9# Modus

"Hey!"

Semuanya menoleh ke arah sumber suara yang ternyata berasal dari salah seorang cewek berkacamata dengan sebuah sapu ijuk di tangan kanannya.

Tio berdecak sebal. "Eh, banci. Emang dua anak buah lo itu ke mana sampai bawa-bawa dua orang cewek ke sini? Apa mereka berdua udah menjelma jadi banci?" Tio dan anak buahnya terbahak, membuat si cewek berkacamata itu menggeram tak terima. Baru saja dia ingin bergerak ke arah Tio, tangannya ditahan oleh seseorang yang tak lain adalah Radit.
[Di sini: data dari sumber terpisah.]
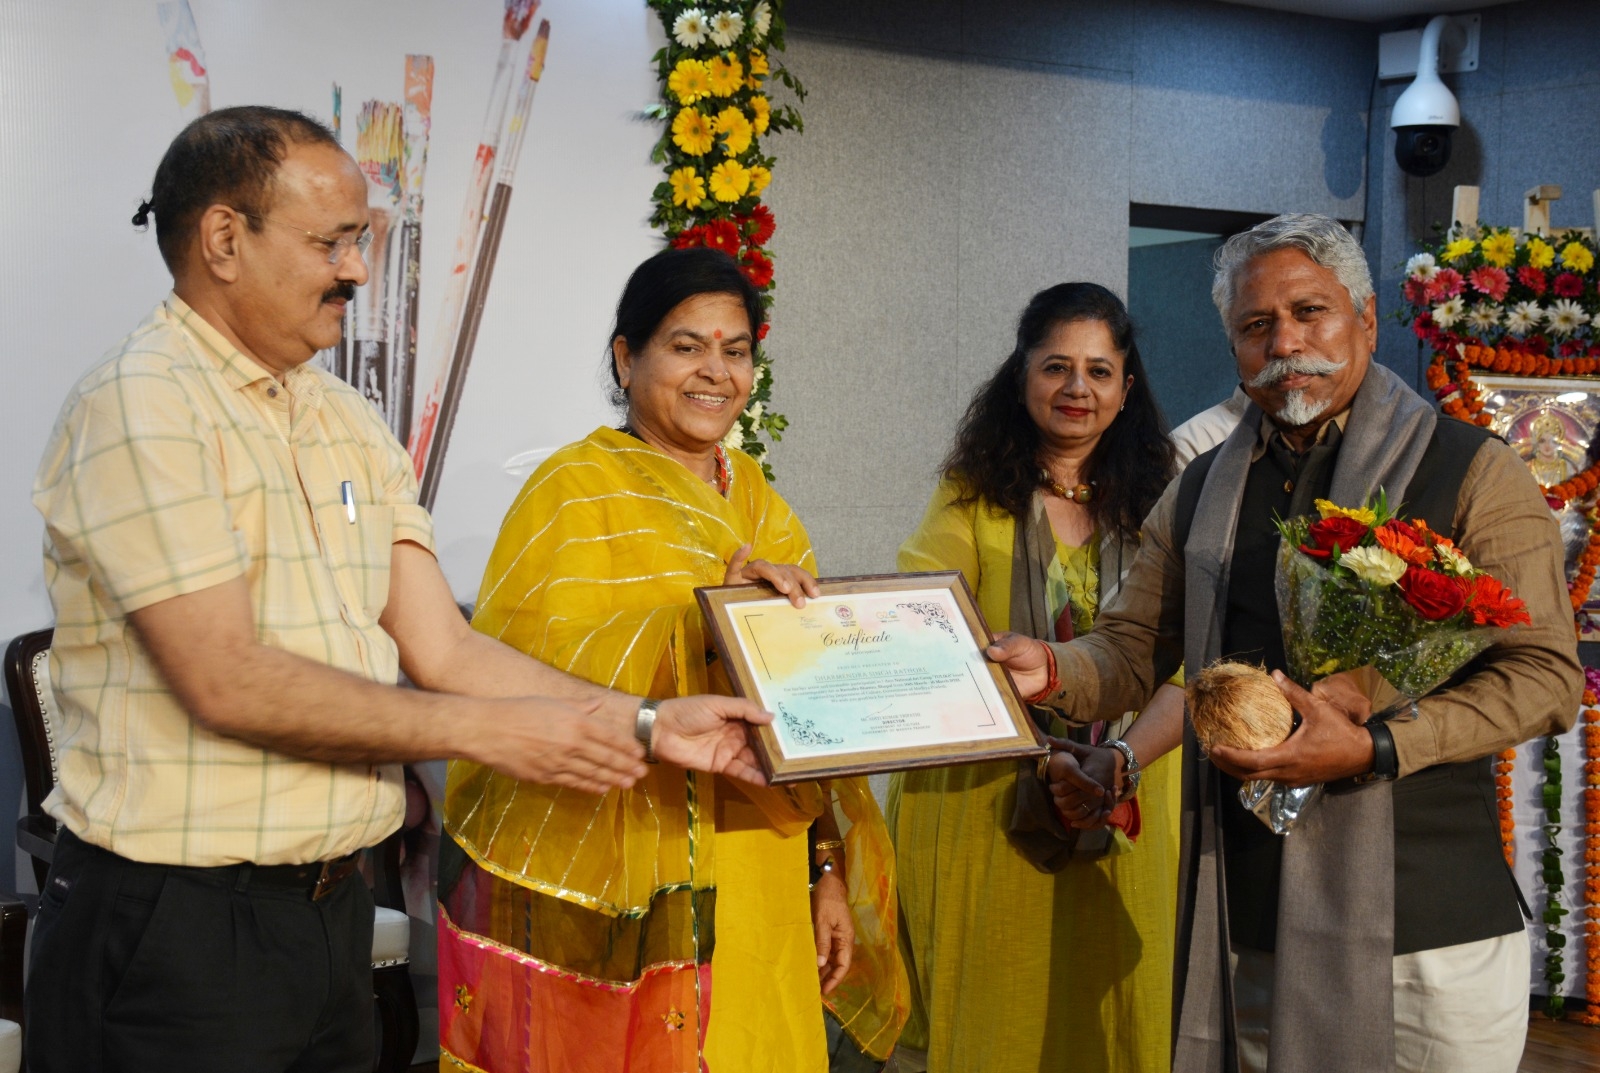 bhopal culture news- 21वीं शताब्दी में भारत निर्माण में चित्रकार एवं कलाकार
सामर्थ को समर्पित करें: मंत्री उषा ठाकुर

"Ckckck, gue acungi jempol deh buat lo berdua. Cewek-cewek pemberani. Tapi bagaimanapun, mereka urusannya sama kita. Bukan ke kalian. Jadi kalian nggak usah ngotorin tangan buat mukul para bedebah itu," ujar Radit membimbing Laras untuk menepi. Ia lalu ikut bergabung di antara Cinella dan juga Genta yang kini sudah tidak memegang perutnya lagi.

"Kamu menepi aja ke cewek itu. Dan jangan pulang dulu, kamu masih punya urusan denganku," bisik Genta pada Cinella.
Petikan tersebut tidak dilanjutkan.